Token invalidation in distributed systems

Building fast systems can be tricky and distributed computing is often the approach taken to improve performance. This introduces unique challenges in the realm of security - specifically handling Authentication & Authorization. OAuth 2's JSON Web Tokens solve this but introduce risks with revocation.

Distributed Authentication at SEEK

SEEK is no stranger to the distributed computing model. Almost everything you access is being served up by dozens of micro-services written in different languages and maintained by different teams.

Sidecar - a cohesive task attached to the primary application - typically placed in its own process or container - providing a homogeneous interface for services irrespective of language.

At SEEK we solved this by introducing a sidecar alongside our applications. The sidecar handles token validation, acceptance & rejection of inbound requests and passes context of the user to the application.

To serve the many languages that exist across applications at SEEK the homogeneous interface of choice is HTTP. It has an implementation in nearly all the languages that we use and the headers provide a good strategy for amending requests with additional information.

Another way to look at the Authentication Sidecar is as a proxy.

An example of the sidecar design pattern with two task-sets operating in an auto-scaling cloud environment. In this scenario, you can see a successful request is passed through the sidecar to the Application task & an unauthorised request being terminated at the sidecar.In this scenario the Authentication Sidecar utilises a cached JSON Web Key Set (JWKS) to validate the signature of the tokens. This enables distributed token validation without needing to needing to call to the Identity Provider on every request.

This model is fast and scalable but unfortunately introduces a risk whereby a blocked user can still perform requests up until the expiry of the JSON Web Token (JWT).
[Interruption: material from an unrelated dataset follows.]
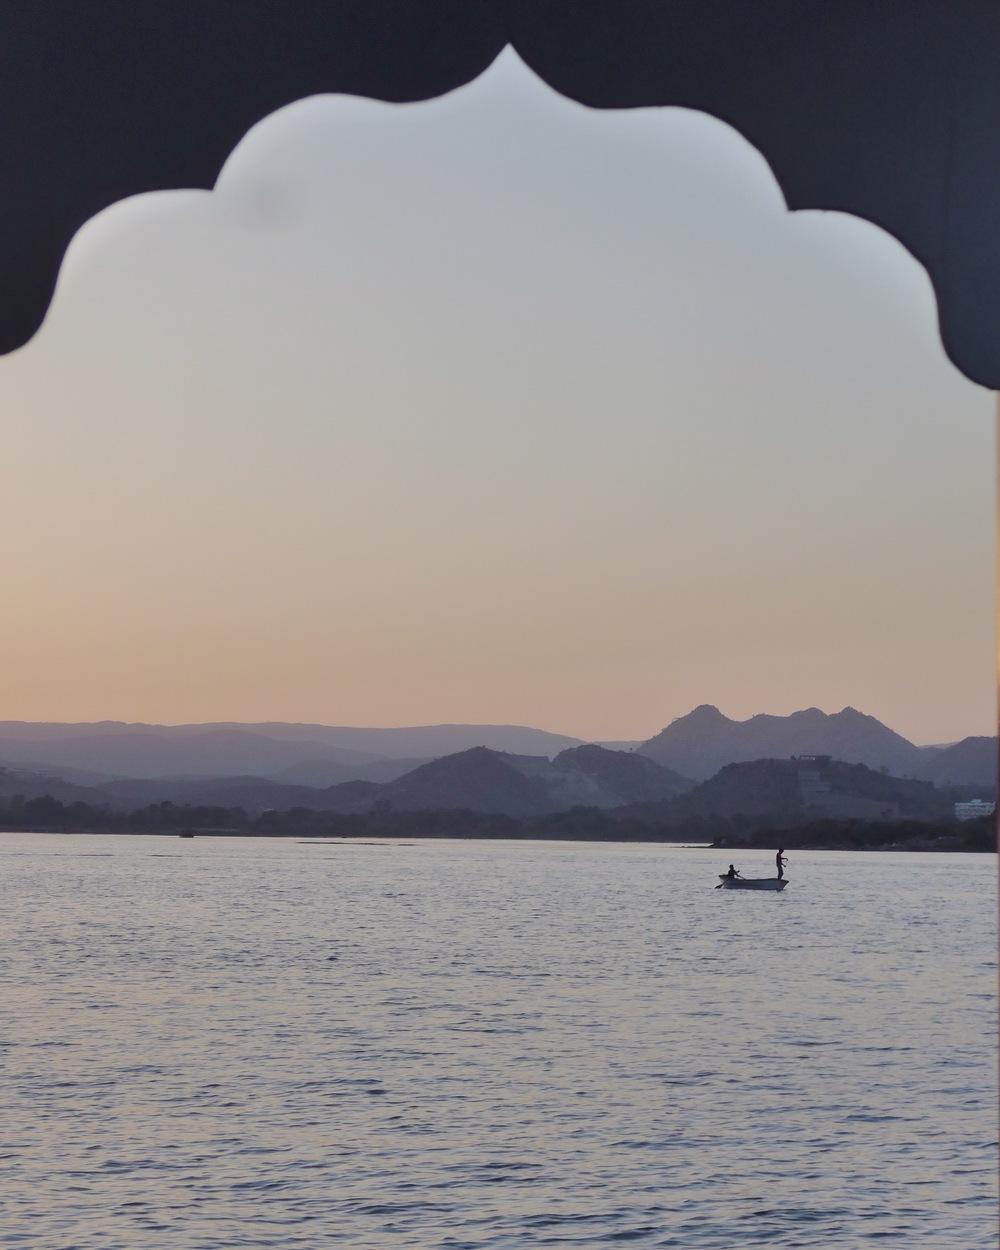 Udaipur Travel

Although the specification doesn't recommend an expiration time, it's typically common practice for them to be short-lived - around 15 minutes.

Token Revocation

Part of the OAuth 2 standard is RFC7009 - the Token Revocation specification. It details the fairly basic process associated with revoking tokens.

The specification details an endpoint that a client can call and submit the token it wishes to revoke. Subsequent token validation requests will then be rejected as the token is now considered invalid.

This specification only works with opaque tokens - not JSON Web Tokens. This challenge exists at lots of companies- including SEEK. Our distributed system architecture makes it extremely difficult to efficiently verify tokens against a central source. This is why we choose to sign tokens with a short-lived expiry and accept the risk that a blocked user can still make requests up until the expiry of that token.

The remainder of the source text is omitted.